Searching for lots of similar strings (filenames) in sqlite3 database

Tue Jul 1 11:15:47 EDT 2014

On 2014-07-01, Chris Angelico wrote:

> On Tue, Jul 1, 2014 at 9:26 PM, Adam Funk <a24061 at ducksburg.com> wrote:
>>         cursor.execute('SELECT filename FROM files WHERE filename IS ?', (filename,))
>
> Shouldn't this be an equality check rather than IS, which normally I'd
> expect to be "IS NULL" or "IS NOT NULL"?
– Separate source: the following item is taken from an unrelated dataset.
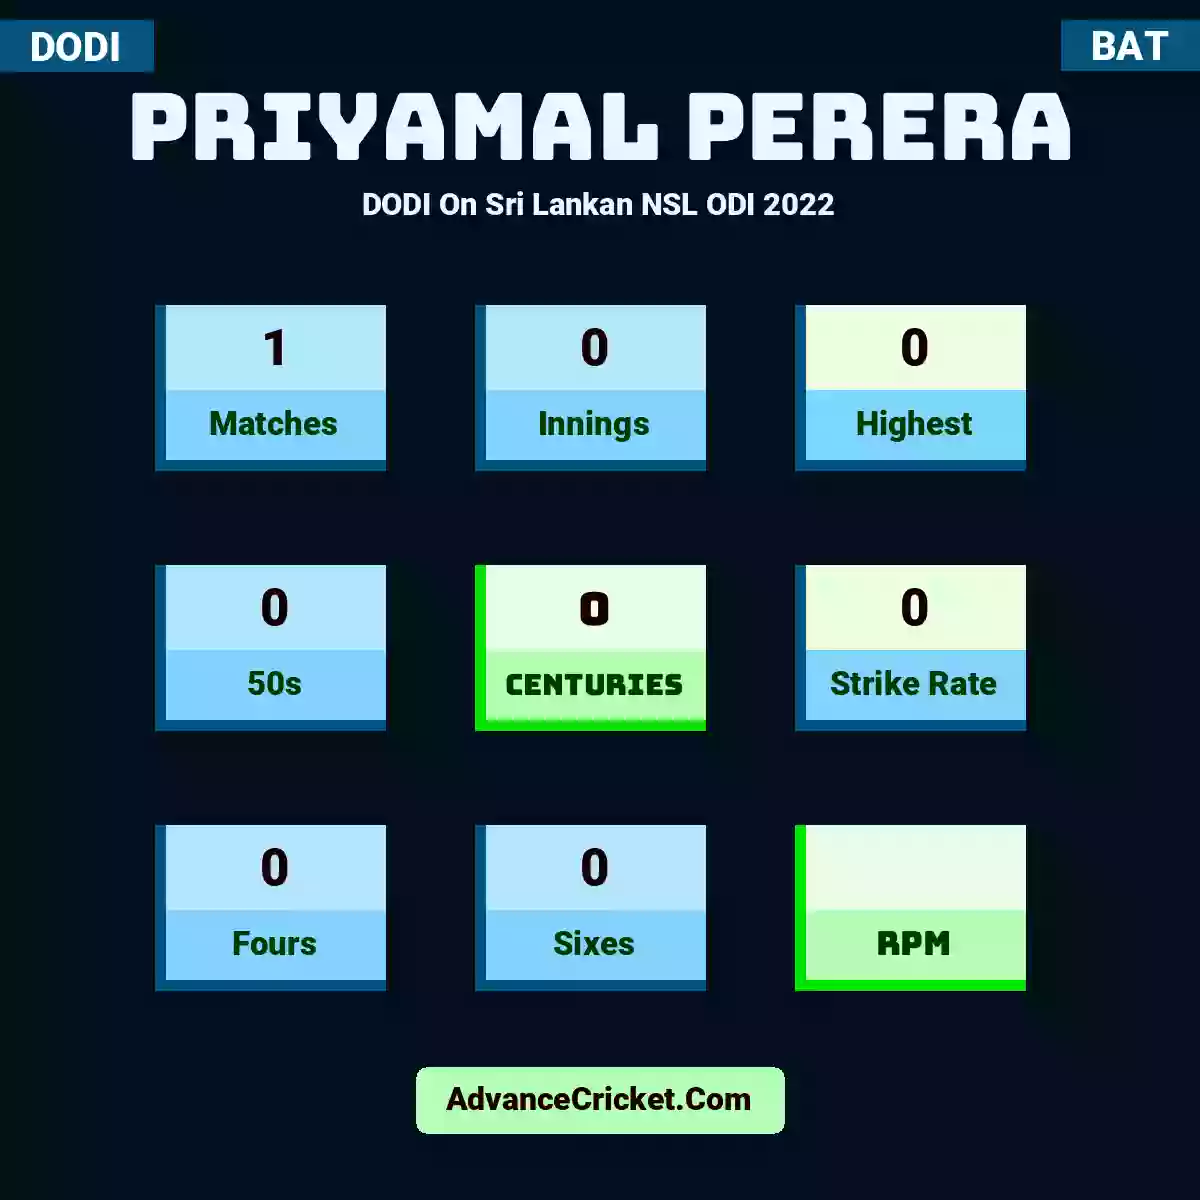 Priyamal Perera DODI  On Sri Lankan NSL ODI 2022, Priyamal Perera played 1 matches, scored 0 runs as highest, 0 half-centuries, and 0 centuries, with a strike rate of 0. P.Perera hit 0 fours and 0 sixes.

Oh, it probably should be in "heavy" SQL.  In SQLite, '==', '=', &
'IS' are interchangeable.

http://www.tutorialspoint.com/sqlite/sqlite_operators.htm

Looking at that page again, I see that 'GLOB' is a case-sensitive
version of 'LIKE'.  I can't help but wonder if that makes it faster.
;-)

> As to your actual question: Your two database lookups are doing
> distinctly different things, so there's no surprise that they perform
> very differently. B asks the database "Do you have this? Do you have
> this?" for every file you have, and C asks the database "What do you
> have?", and then comparing that against the list of files. By the way
> - the A+C technique could be done quite tidily as a set difference:
>
> # assume you have listing1 and cursor set up
> # as per your above code
>     listing = {os.path.join(directory, x) for x in listing1}
>     cursor.execute(...) # as per above
>     known_files = {row[0] for row in cursor} # cursors are iterable
>     needed_files = listing - known_files
>     cursor.executemany('INSERT INTO files VALUES (?, ?)', ((filename,
> 0) for filename in needed_files))

Oh, even better:

    add_files = listing - known_files
    delete_files = known_files - listing

and then I can remove files that have disappeared off the spool from
the table.  Thanks very much!

> Anyway. The significant thing is the performance of the database on
> two different workloads: either "give me everything that matches this
> pattern" (where the pattern ends with a percent sign), or "do you have
> this? do you have this? do you have this?". Generally, database
> indexing is fairly efficient at handling prefix searches, so the first
> query will basically amount to an index search, which is a lot faster
> than the repeated separate searching; it takes advantage of the fact
> that all the strings you're looking at will have the same prefix.
>
> There is one critical consideration, though. What happens if the
> directory name contains an underscore or percent sign? Or can you
> absolutely guarantee that they won't? You may need to escape them, and
> I'm not sure how SQLite handles that. (Possibly \_ will match literal
> _, and \\ will match literal \, or something like that.)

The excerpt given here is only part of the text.